● Exercise instructions
Begin at the line below that holds "Tour navideño por Praga" and end at the line that holds "Castor Oil for", transcribing each line exactly and skipping any picture.

● Dataset
****

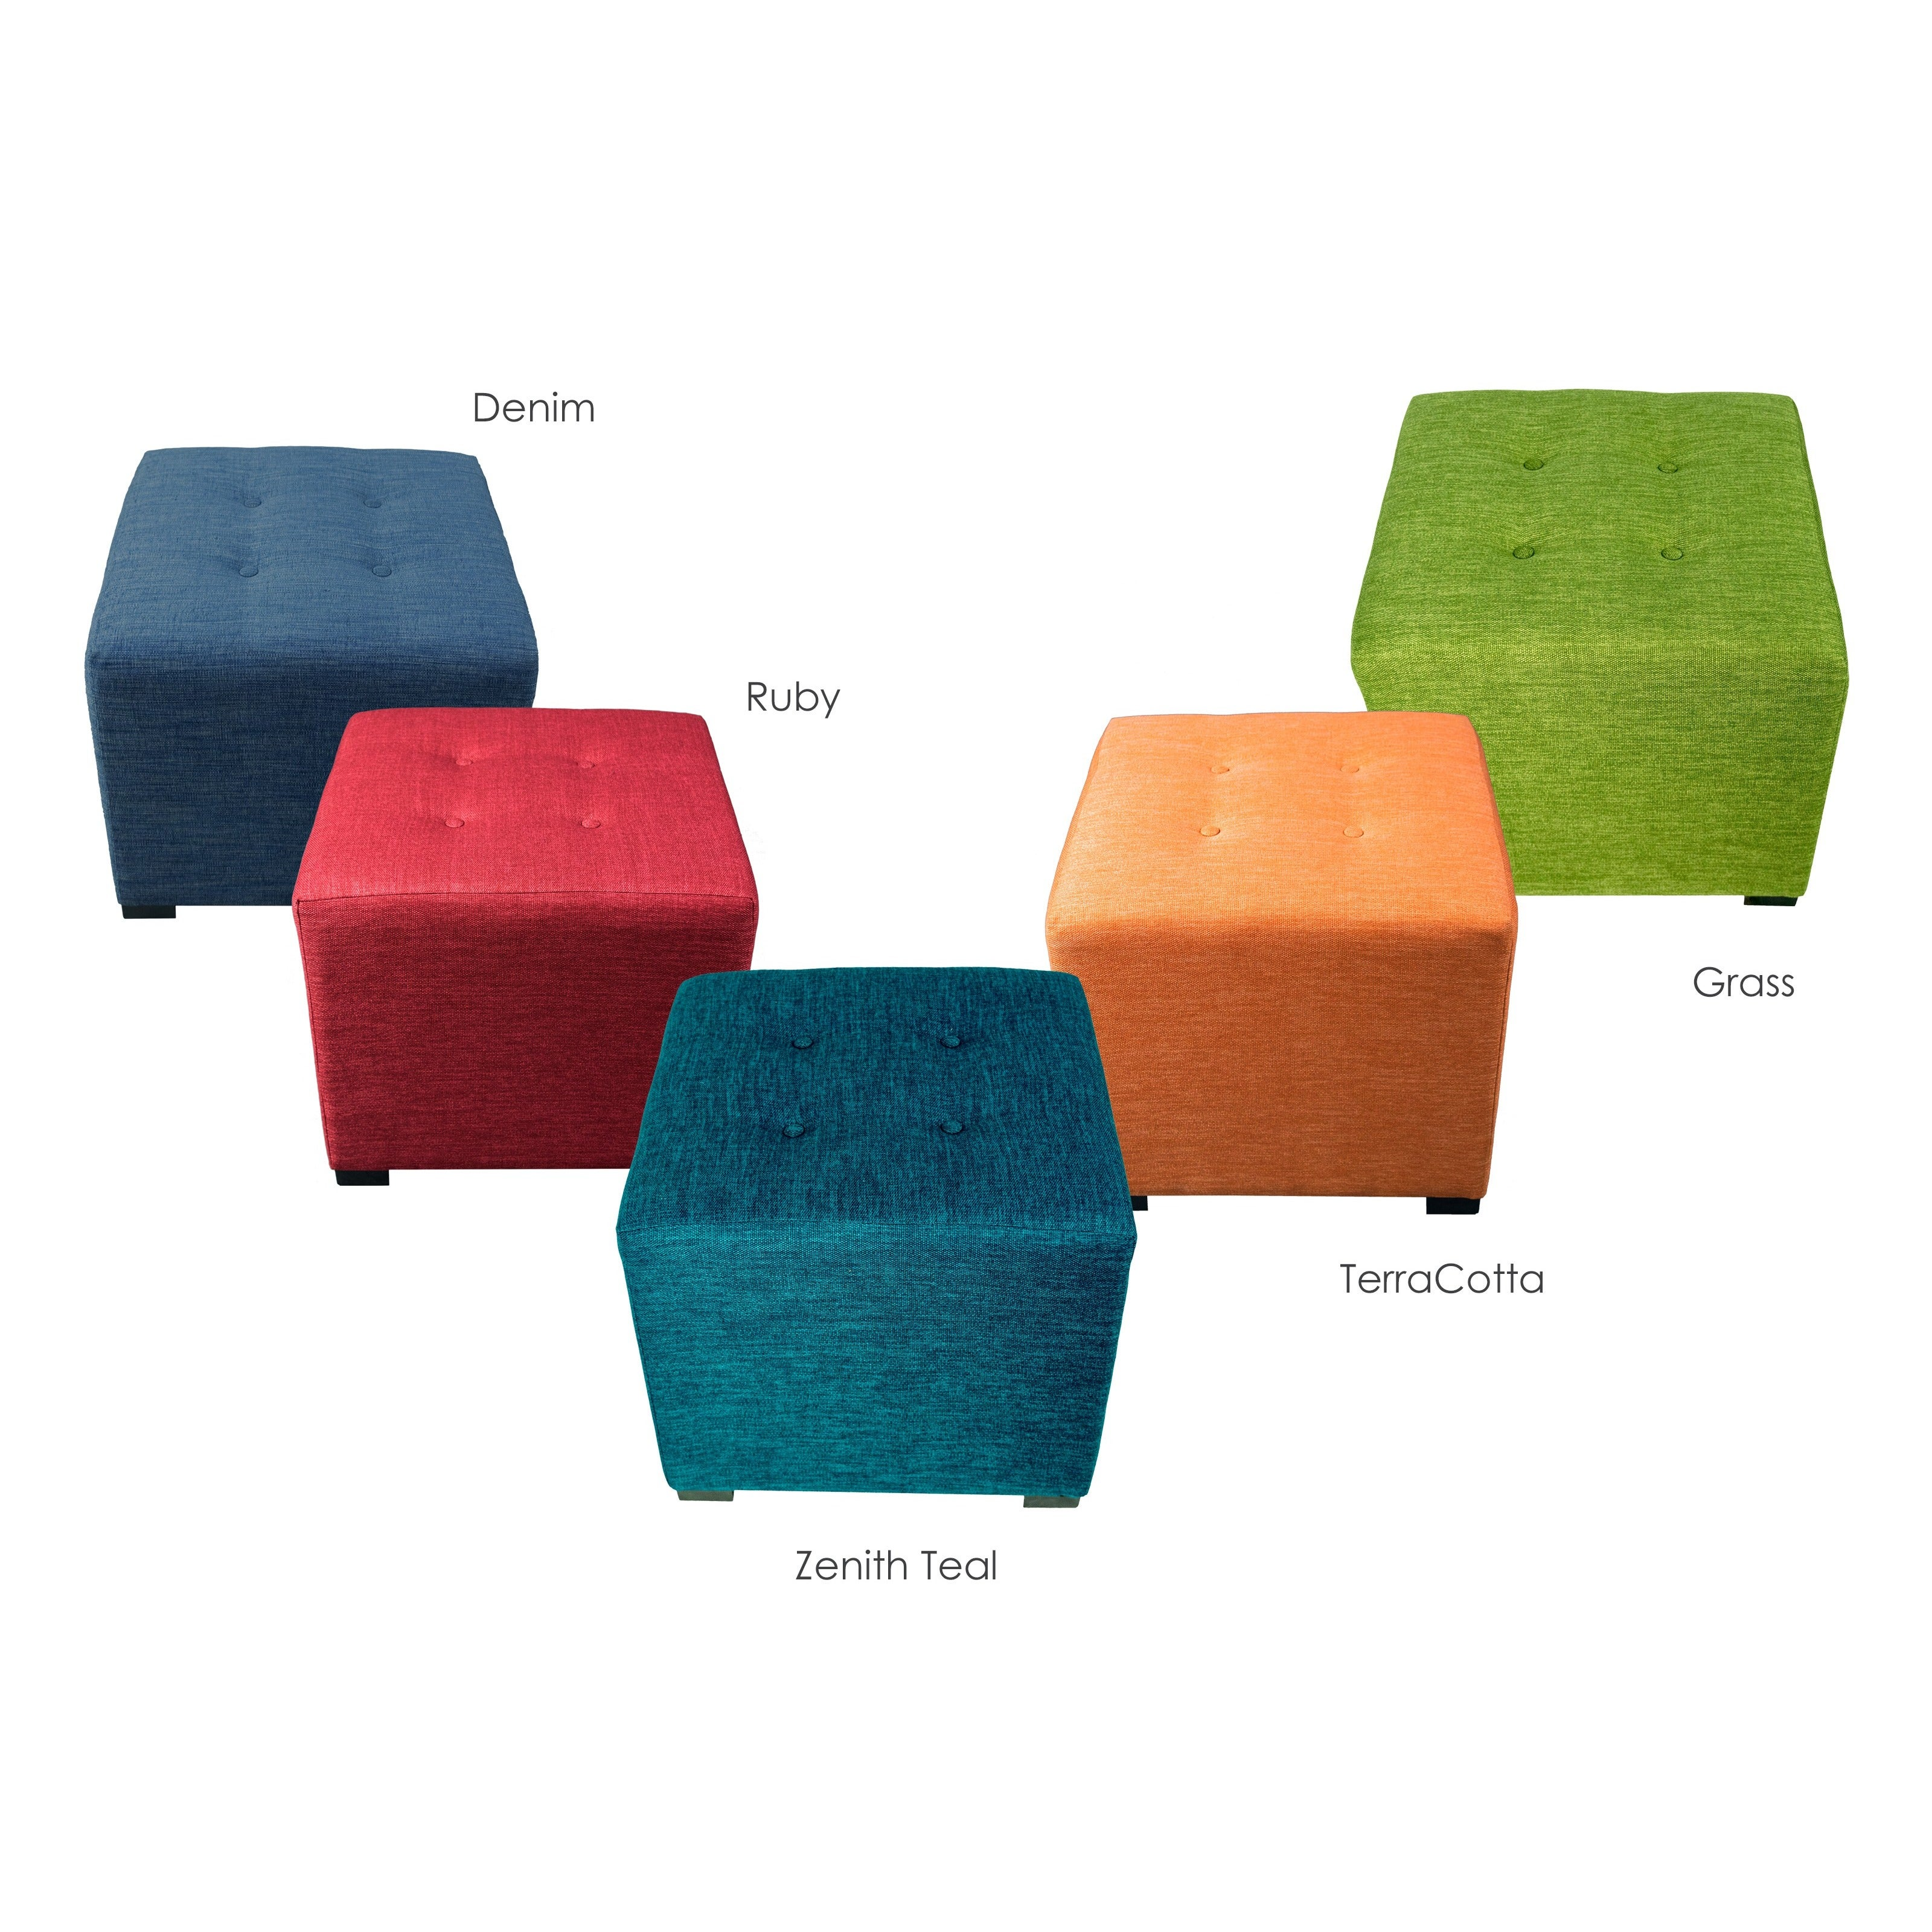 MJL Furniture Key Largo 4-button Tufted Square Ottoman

****

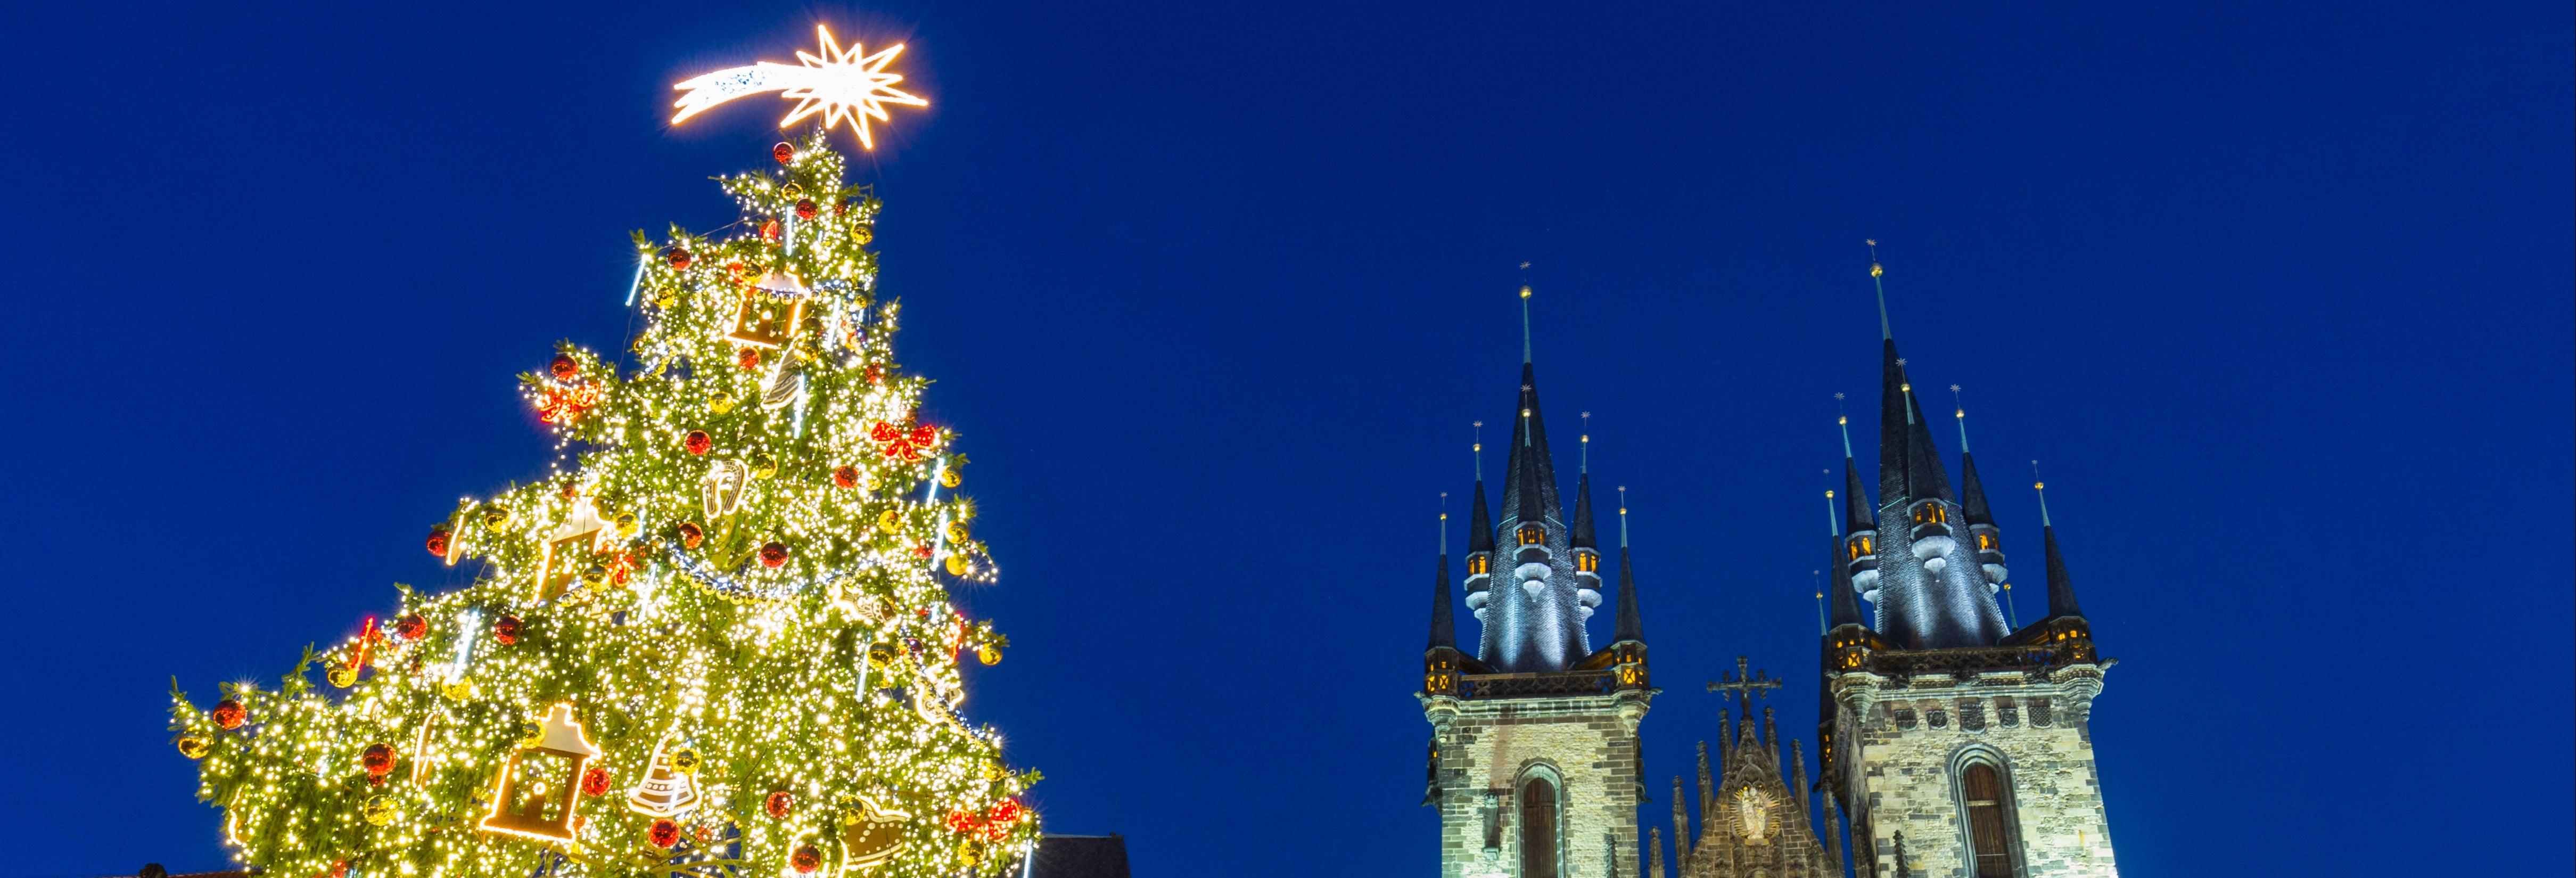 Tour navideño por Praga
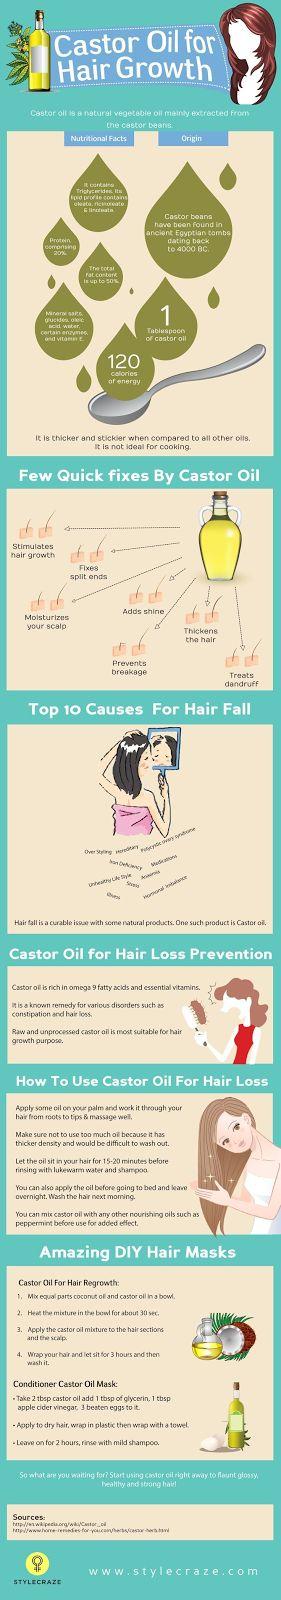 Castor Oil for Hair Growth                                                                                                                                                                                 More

****

● Reply
 Tour navideño por Praga
 Castor Oil for Hair Growth                                                                                                                                                                                 More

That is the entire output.